Okay, here is what I got for the probability of having Exactly-4-cards-to-a-Straight on the river (not 5).

This is a little messy, but I think at this stage getting the right answer takes priority over pretty exposition.

Case I. Exactly 4-cards-in-Sequence (not 5)

Clearly A-4 and J-A are C(4,1)*C(4,1)*C(4,1)*C(4,1)*C(52-5*4,1) + C(4,1)*C(4,2)*C(4,1)*C(4,1)*C(4,1) = 9728

And 2-5 thru T-K are C(4,1)*C(4,1)*C(4,1)*C(4,1)*C(52-6*4,1) + C(4,1)*C(4,2)*C(4,1)*C(4,1)*C(4,1) = 8704

So Case I subtotal = 2*9728 + 9*8704 = 97792 (this is what Wiki gives)
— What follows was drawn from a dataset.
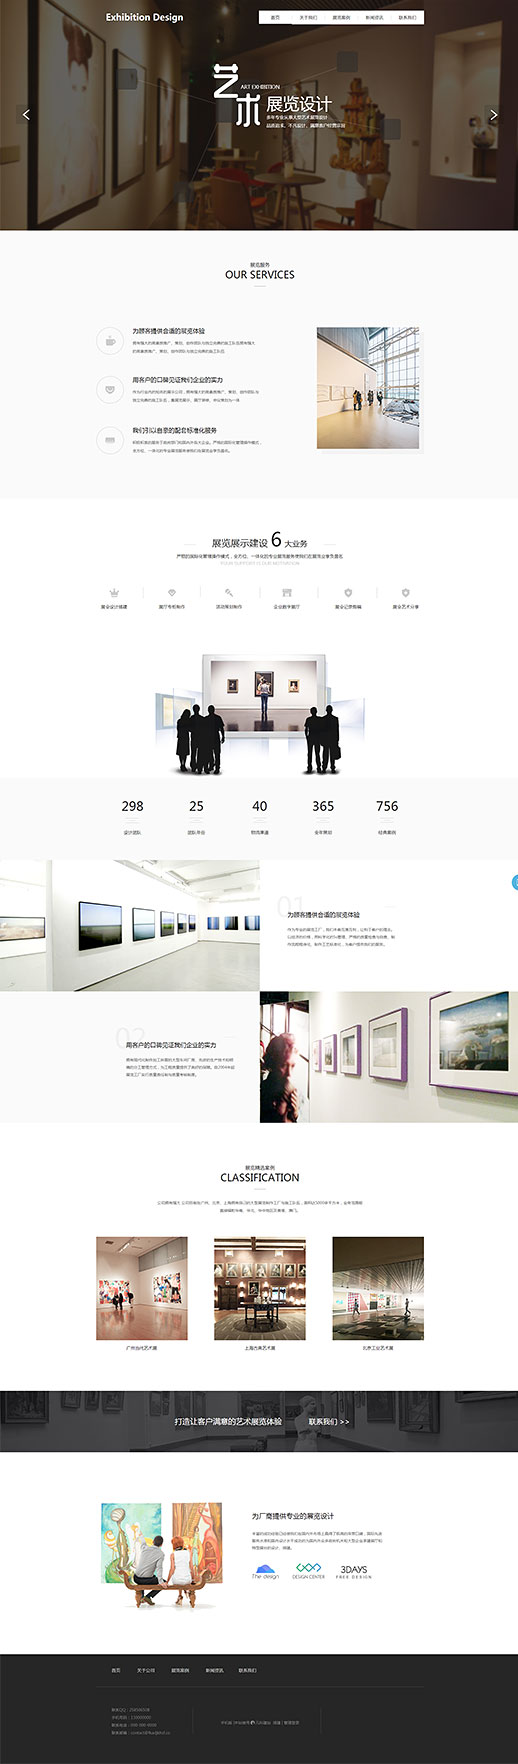 艺术展览展厅设计网站模板
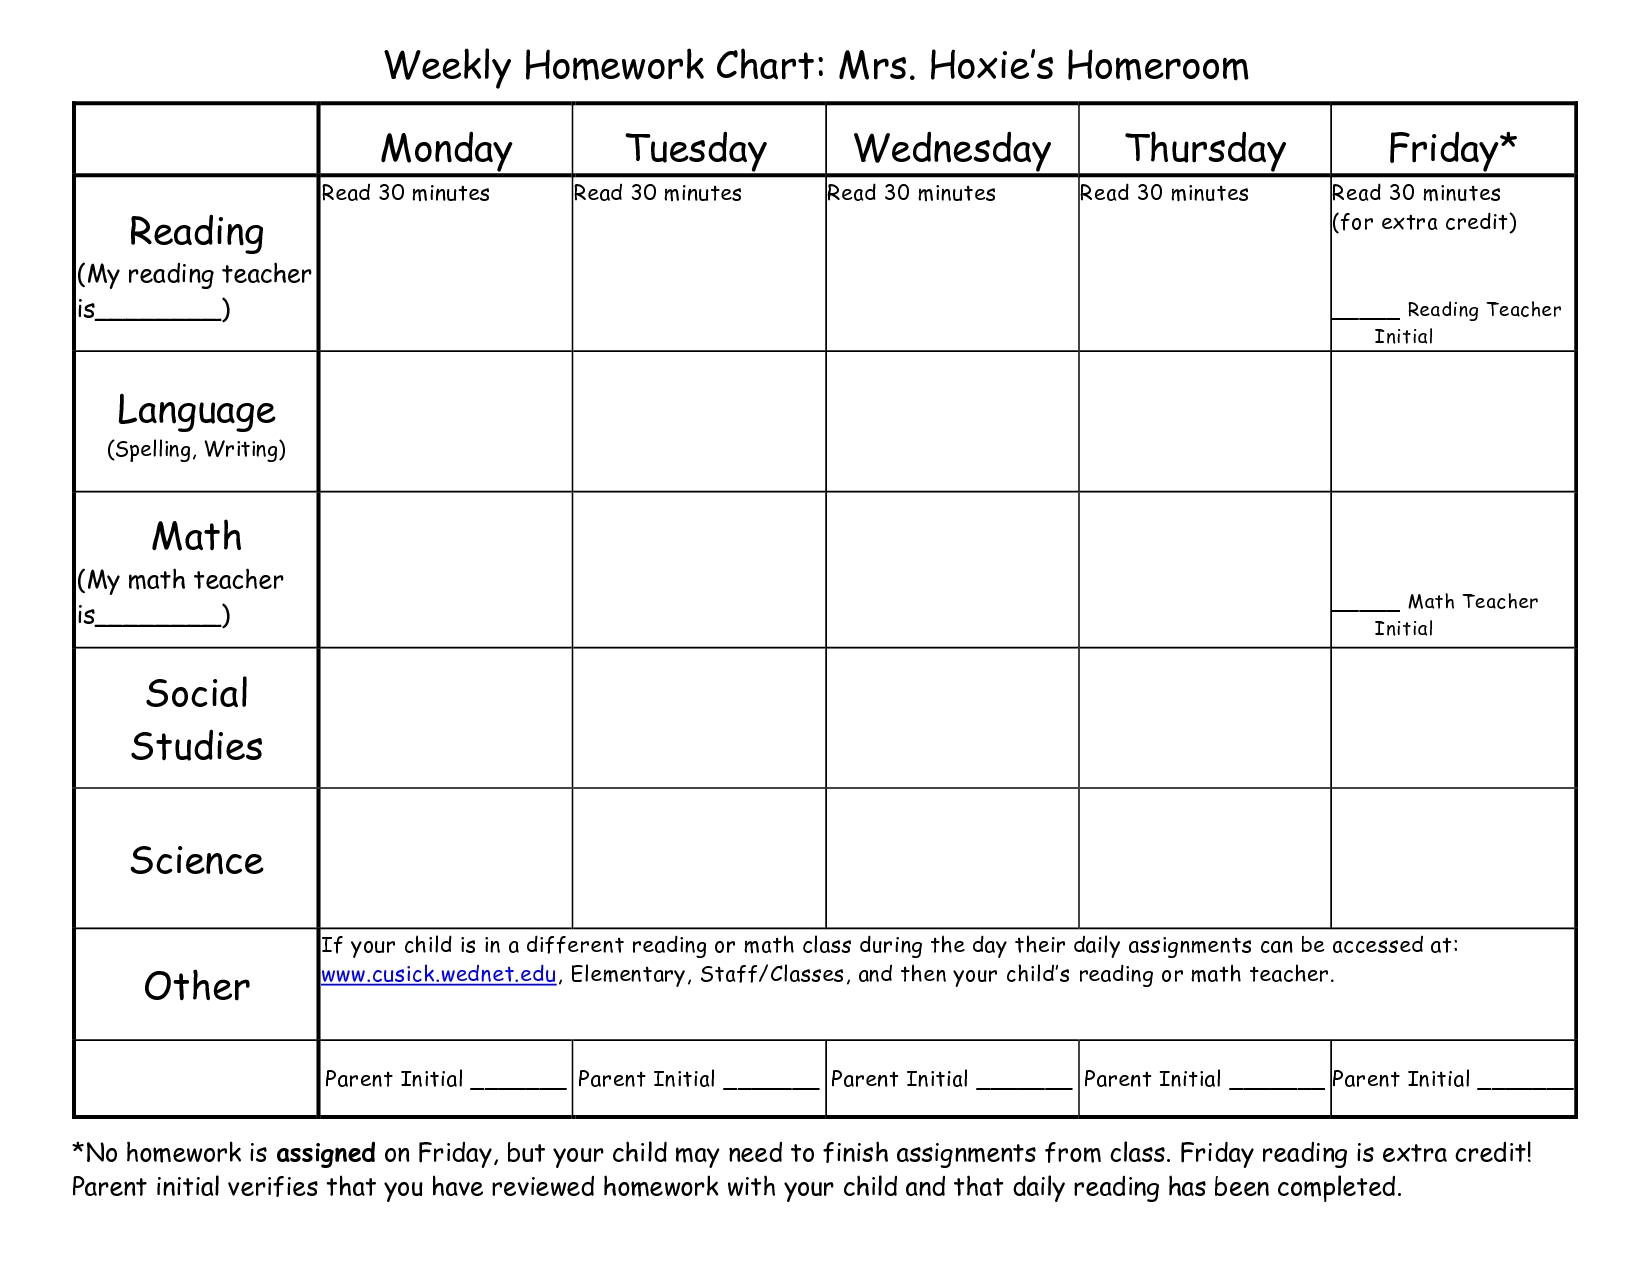 Weekly Homework Assignment Sheet Template - Yeniscale.co  1St Grade Homework Chart Templates

Case II: 4-to-a-Straight but not 4-in-Sequence
Here it matters how the 4 cards are "distributed" such as 3457, 3467, 3567; the middle case must be treated differently

Anyway, for A-5 and T-A bookends, there are two cases of 9728 and one case of 8704 (for a total of 28160).

For 2-6 thru 9-K bookends, there are two cases of 8704 and one case of 9728 (for a total of 27136).

However, we have done a bunch of double-counting above. For example, 34678 is counted above as 3467 and 4678. It turns out that there are 9*3-1 = 26 of these boards which are being double-counted. And there are 4^5 = 1024 boards of five distinct ranks of each kind.

So Case II subtotal = 2*28160 + 8*27136 - 26*1024 = 246784

Therefore, GRAND TOTAL = 97792 + 246784 = 344,576

And Prob = 344,576 / 2,598,960 = 0.132582264

I ran this thru my deal-all-possible-boards program and got this answer, so I am pretty sure it is correct.

Oh, I'm pretty sure they meant 4 in sequence (I'm pretty sure it was previously worded that way) and I now get what wiki gets and you did too in case 1. I did not do case II.

Crapola. I thought Case II was the most "interesting".